The publication of the Chilcot Report last week, along with the ongoing verbal ejaculations of America's Republican Candidate, have many of us replaying that well-worn Double A-Side vinyl from 2006; 'Saddam Was A Bad Guy But...' / 'Blair Is Satan's Spawn'. I shall leave the latter anthem for another day, but that first glib reduction of Saddam Hussein to a 'Bad Guy But...' which once so irked the late Christopher Hitchens, is something which Choman Hardi'sConsidering the Women will surely do something to redress.
Dr. Hardi, Kurdish exile and celebrated British poet, fills in some gaps left by Western journalists and correspondents who present the Middle East as a military case-study and an alien war-zone inhabited by an alien people. In Considering the Women, Hardi is not concerned with sweeping, wide-angle audits of the Kurdish body politic. The collection is, rather, a plainly spoken, tentative presentation of some of the individual narratives that have played out against the backdrop of human atrocity.

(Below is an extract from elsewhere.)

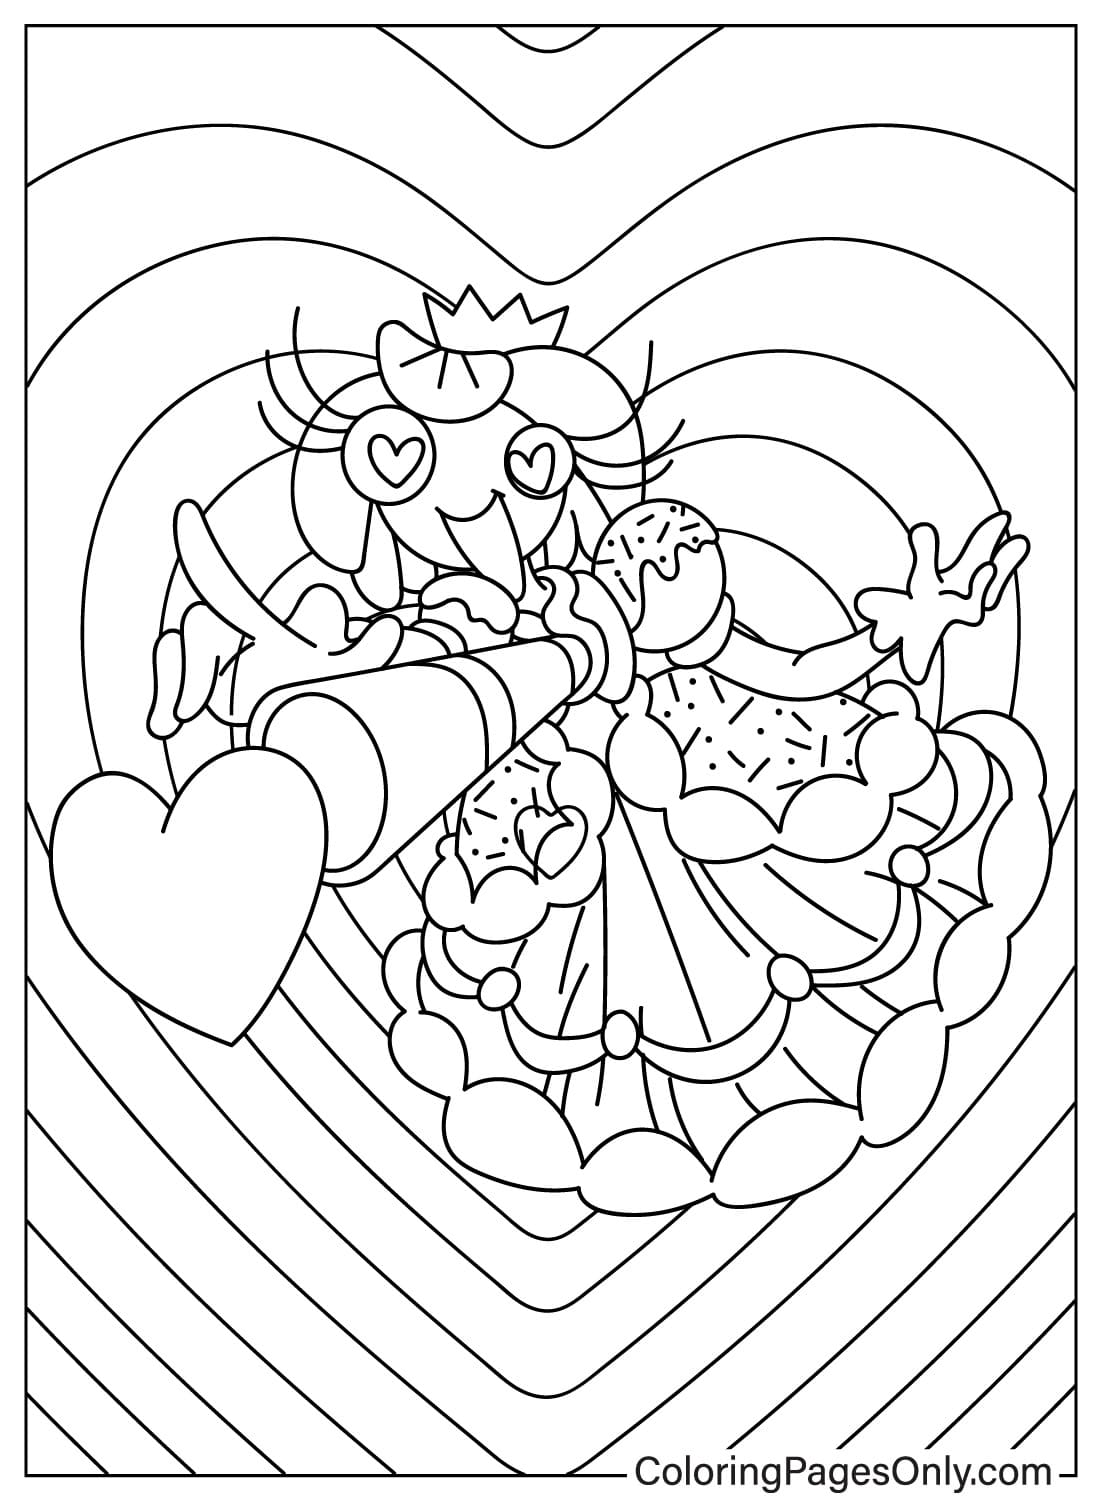 Princess Loolilalu with Heart Coloring Page from Princess Loolilalu

The centre-piece of Considering the Women is 'Anfal'; a devastating sequence comprising testimonies from survivors of one of Saddam Hussein's most brutal and far-reaching evils. On her website, Hardi explains the horrors of Anfal:
"The term 'Anfal' which means 'spoils of war' is the name of the eighth chapter of the Qura'an which came to the prophet in the wake of his first jihad against the non-believers. The Iraqi government used this word to refer to a series of military operations which targeted Kurdish Muslims in the north of Iraq from February to September 1988. By using this word the government intended to mobilise support from within the country and to legitimise the operations in the Muslim world, portraying the Kurds as non-Muslims."
This genocidal campaign of bombing, gas-attacks, starvation and large-scale slaughter is one which Western culture has kept at an emotional distance; it is not the subject of history lessons and movies and it is not part of the mainstream humanitarian vocabulary. Hardi takes on this dark period in her homeland where there are no true victors, and she sees to it that history can be written by the survivors.
The sequence begins with the naïve Researcher delivering a saccharine sonnet to her interviewees, assuring them that 'I have come to learn about your pain' promising that she will 'stay true to your story, / not distort or edit your grief'. This is undermined in the book's acknowledgements where Hardi explains that 'The details of the survivors' stories have been changed', an early sign that we are to regard this 'Researcher' with suspicion.
The testimony which follows is harrowing in its frank delivery of human misery and the aftershock of war. In 'The Gas Survivor', the perpetually bleeding survivor has been ostracised from the community and ponders 'Who would have thought there are weapons / that turn every part of your body against you?'. In 'The Child at the Pits', Hardi presents a twelve year-old boy's testimony of a mass shooting. In the bleakest moment of the sequence, 'Dispute Over a Mass Grave', Hardi depicts two mothers arguing. The argument is over whose son's remains they are standing over; who will get to take them home and feel that they have been able to bury their child. Symmetrically, the sequence then ends with an inversion of Auden called 'Researcher's Blues' in which the previously naïve speaker has succumbed to the enormity of her task: 'all I can do is / pour with grief which has no beginning and no end.'
Whilst the fifteen pages which make up 'Anfal' give the collection its most significant swells of pathos and logos, it is the poems either side which contribute the strongest sense of ethos. The opening section deals with the exile's feelings of displacement and desire to heed the homing beacon of a remembered motherland:
"The fact that you left is certain / but when did you cross back? / Was it when you were tickled by your language / once again? When a childhood song intruded, / stayed in your head all through your dreams?" (Crossing Back)
And the section which follows 'Anfal' deals partly with the poet's return to England and the ways in which the trauma of survivor's guilt and the weight of her interviewees' testimony turns her marriage to delicate touchpaper:
"I went back in search of a nation / and found fragments instead - / tribes, regions, dialects, religions. / I went back to make a nation and came / back dispossessed, full of partitions... You didn't understand // why I kept going back to the dust and ruin, / to all the broken hearts that broke my heart." (Our Different Worlds)
Considering the Women is impressive in the sense that it leaves its dent upon the reader. I came away from my first reading dizzied, imbalanced and ashamed in a way which I have not felt since first encountering the work of Primo Levi. The collection delivers snatched fragments of the Kurdish story to an Anglophone audience and enacts the uncomfortable yoking of an adopted nationality with fading memories of a crumbling homeland. The grainy footage of barren Middle-Eastern landscapes which make cameos in UK news reports are hereby superseded, through Hardi, by the unflinching force of human testimony.